As you may already know, pride is a major force in our world today.  I can see it on display at home, on the job and maybe even in my own life.  If this is the case then I already know what difficulties it brings.  I have an issue with pride. I see myself always checking on how I am being perceived with respect to others. I keep track of my stats, standing and status. Because I am so concerned about my standing and status, I am constantly tempted to inflate myself in order to attain a higher standing and thus higher status

.For the sake of my pride, I may try to attain a higher status in one of two ways.

  •  I may pump myself up with subtle or not so subtle boasting;

  • I may deflate others by putting them down.

Perhaps the greatest sin issue with which I must deal with in my hearts is pride. What a destructive dynamic! Pride causes me to become angry with those whom I love. Haughtiness causes me to look upon others with disdain. Arrogance causes me to trample upon the feelings of fellow believers. Pride causes me to believe that I have a better way than God in so many of life's decisions. 

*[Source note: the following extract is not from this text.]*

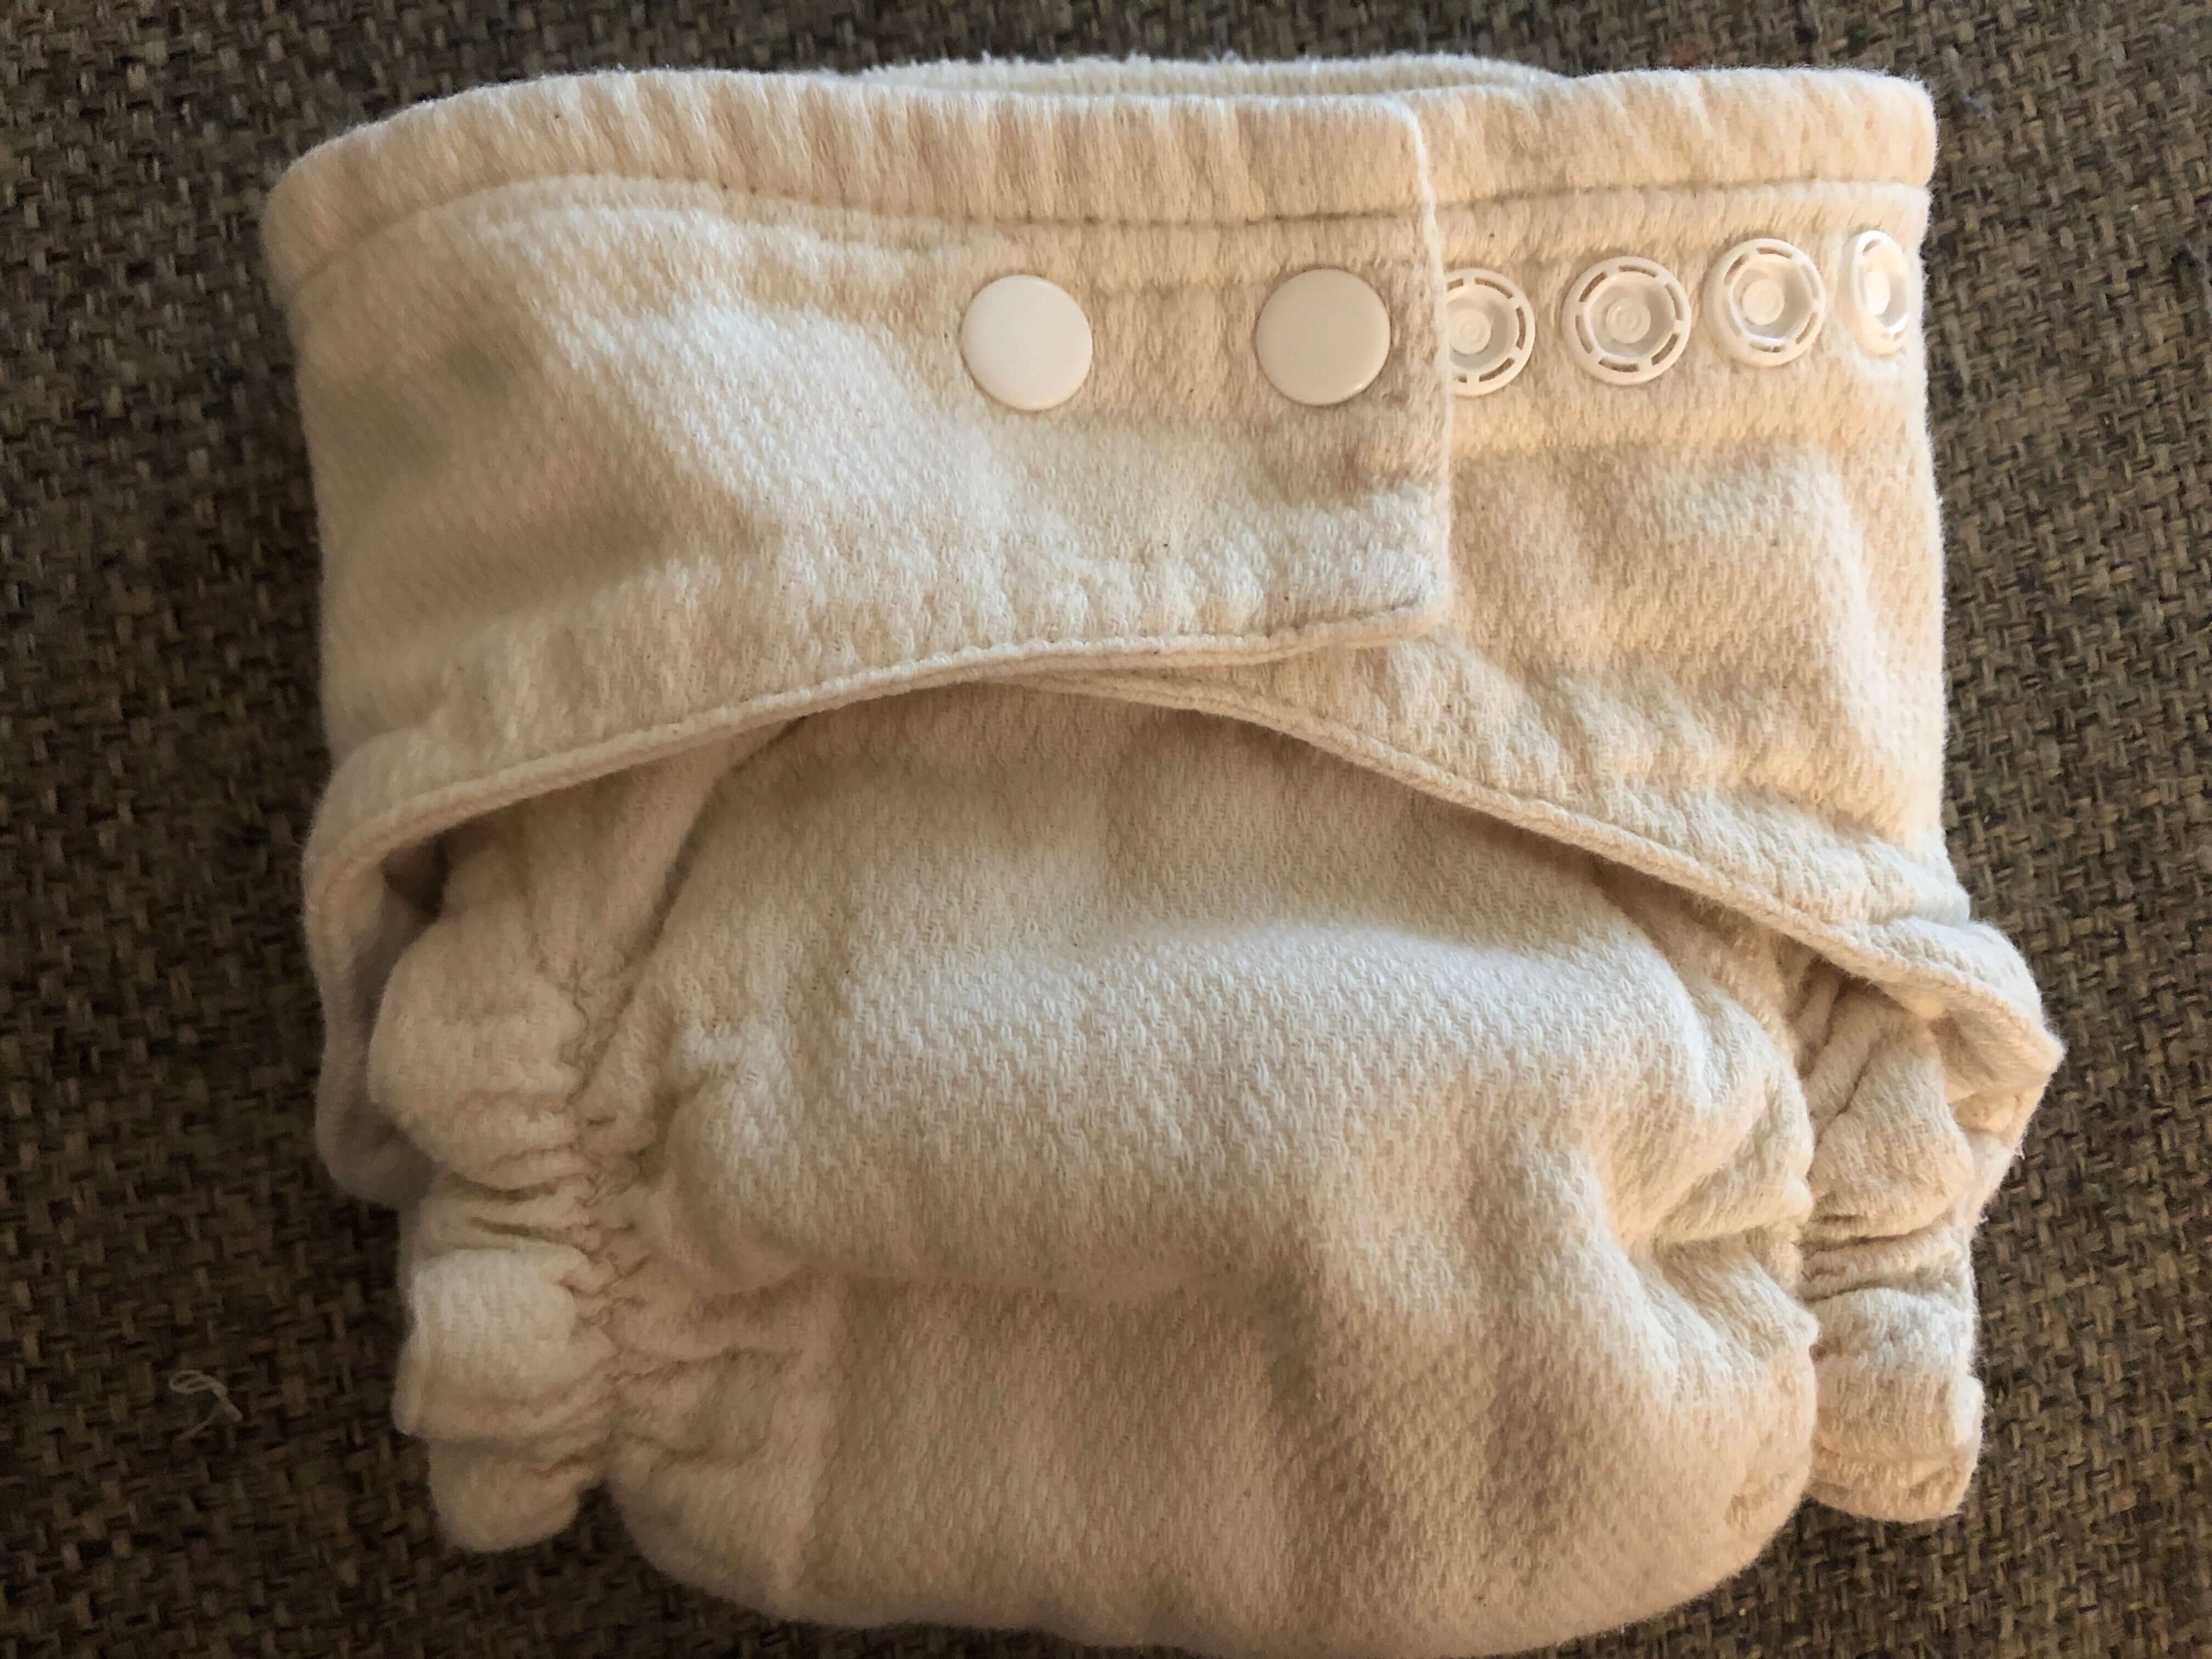 Cloth Diaper Service, Dallas, Fort Worth, Milwaukee, Wisconsin, Texas, Wholesome Diaper Co. Healthy, Eco-friendly, Zero-waste, Diapers

When I cannot get my wife to see my point and frustration wells in my voice, pride is the culprit. Secretly, my heart says, "why can't she see it like I do, she is so ignorant (and I'm so intelligent)!" When my wife becomes irritated at picking up clothes, pride is her companion. In the recesses of her heart she is saying, "doesn't my husband know that I have a right to expect my house to be clean? He is so inconsiderate (and I am treated like a nobody)." 

Pride affects all of life's relationships. When I become jealous of a co-worker's promotion, pride is the root. When I become embittered toward competitors, pride is lurking underneath. When I put someone down; when I covet my neighbor's yard; when I say, "I can do it better;" when I give someone the silent treatment; when I gossip; when I get my feelings hurt; pride is the reason. The question is, "can I deal with pride? Can I put down pride in my heart? Can I do so for  my peace of mind and the glory of God?" Thankfully, the answer is "yes."- humility 

Humility, on the other hand, is having a right view of myself that depends on faith rather than stats, standing and status. “For by the grace given to me I say to every one of you not to think more highly of yourself than you ought to think, but to think with sober discernment, as God has distributed to each of you a measure of faith.” (Romans 12:3)

  • Humility refuses to gather stats (keep score) in order to think well of myself

  • Humility refuses to compare stats in order to think well of myself.

  • Humility refuses to use stats to determine the relative value of myself and others (judging others) in order to think well of myself.

The only way to reflect the glory of the Lord, rather than seek my own glory is this: “Keep thinking about the things above, not things on earth, for you have died and your life is hidden with Christ in God.” (Colossians 3:2-3)
The only way I know to stop being driven by stats, standing and status is to keep seeking, keep thinking about the things above rather than seeking and thinking about things on the earth. I want to seek praise from God in heaven rather than people on earth. By becoming a Christ-follower, I have died to stats, standing and status. My life is now hidden with Christ.
It makes no sense to try to quantify my life with stats. There is no way to meaningfully evaluate my accomplishments in comparison with the accomplishments of any other person. There is no way for me to derive any sense of status from what I have accomplished. The one meaningful thing that is left for me to do is to keep on seeking and thinking about things above.
I need to live in and for each moment without regard to what others think, because each moment provides me with the opportunity to love God with all my heart, soul, mind and strength.